Here’s a quote that deals with this:
“I was a man who remembered spirit and its knowledge. As a man I did not attempt to counteract error with knowledge, but to correct error from the bottom up. I demonstrated both the powerlessness of the body and the power of the mind. By uniting my will with that of my Creator, I naturally remembered spirit and its real purpose. I cannot unite your will with God’s for you, but I can erase all misperceptions from your mind if you will bring it under my guidance. Only your misperceptions stand in your way. Without them your choice is certain. Sane perception induces sane choosing. I cannot choose for you, but I can help you make your own right choice. ‘Many are called but few are chosen’ should be, ‘All are called but few choose to listen’. Therefore, they do not choose right. The ‘chosen ones’ are merely those who choose right sooner. Right minds can do this now, and they will find rest unto their souls. God knows you only in peace, and this is your reality.”

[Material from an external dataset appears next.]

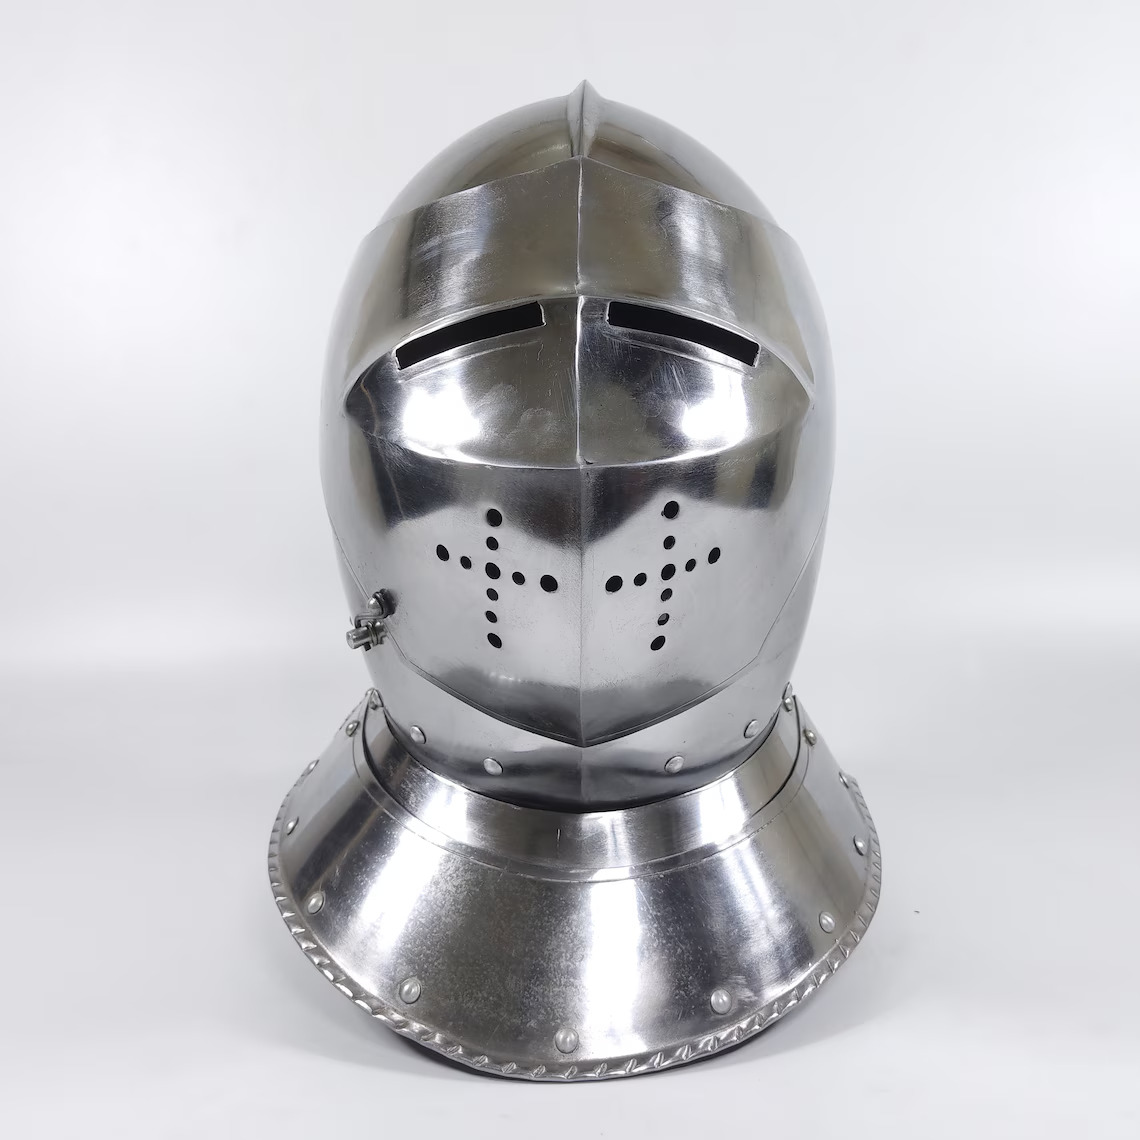 European Closed Helmet - Medieval Knight Helmet - Larp Fancy armor Costume dress

Our next motif: Judgement and the Authority Problem
Basically, Jesus is trying to show us that not only is it not in our best interest to judge, but that we can’t really judge anything correctly anyway, so give it up. Also, when we judge, we think we have the “Authority” to do so. We don’t. We just end up digging ourselves deeper into the Ego’s hole, so to speak. When we judge, we are essentially saying that separation is real, projecting our hidden guilt onto someone or something else. Here is a quote from the reading:
“When the Bible says ‘Judge not that ye be not judged’, it means that if you judge the reality of others you will be unable to avoid judging your own.”
And here’s another passage about not making the mistake of seeing ourselves as our own Authority who can judge:
“One of the illusions from which you suffer is the belief that what you judged against has no effect. This cannot be true unless you also believe that what you judged against does not exist. You evidently do not believe this, or you would not have judged against it. In the end it does not matter whether your judgement is right or wrong. Either way you are placing your belief in the unreal. This cannot be avoided in any type of judgement, because it implies the belief that reality is yours to select from.”
In fact, I believe that really Jesus is saying that we don’t need to judge at all, even to plan for the future. In the following quote he tells us that “you don’t need judgement to organise your life.” If you have read the Gospels, this seems to be the same message as his telling the apostles to “consider the lilies of the field who neither toil nor spin.” All we really need to do is to do our work of undoing the Ego. Here’s the passage:
“You have no idea of the tremendous release and deep peace that comes from meeting yourself and your brothers totally without judgement. When you recognise what you are and what your brothers are, you will realise that judging them in any way is without meaning. In fact, their meaning is lost to you precisely because you are judging them. All uncertainty comes from the belief that you are under the coercion of judgement. You do not need judgement to organise your life, and you certainly do not need it to organise yourself. In the presence of knowledge all judgement is automatically suspended, and this is the process that enables recognition to replace perception.”
One final quote on this issue of the “authority problem”:
“Peace is a natural heritage of spirit. Everyone is free to refuse to accept his inheritance, but he is not free to establish what his inheritance is. The problem everyone must decide is the fundamental question of authorship. All fear comes ultimately, and sometimes by way of very devious routes, from the denial of Authorship. The offence is never to God, but only to those who deny Him. To deny His Authorship is to deny yourself the reason for your peace, so that you see yourself only in segments. This strange perception is the authority problem.”
Review Number V! (Just when you thought the madness was over!)
Calling this one, “KILL THE MESSENGER.” (And if you’re Rasta, then “MessenJAH” : )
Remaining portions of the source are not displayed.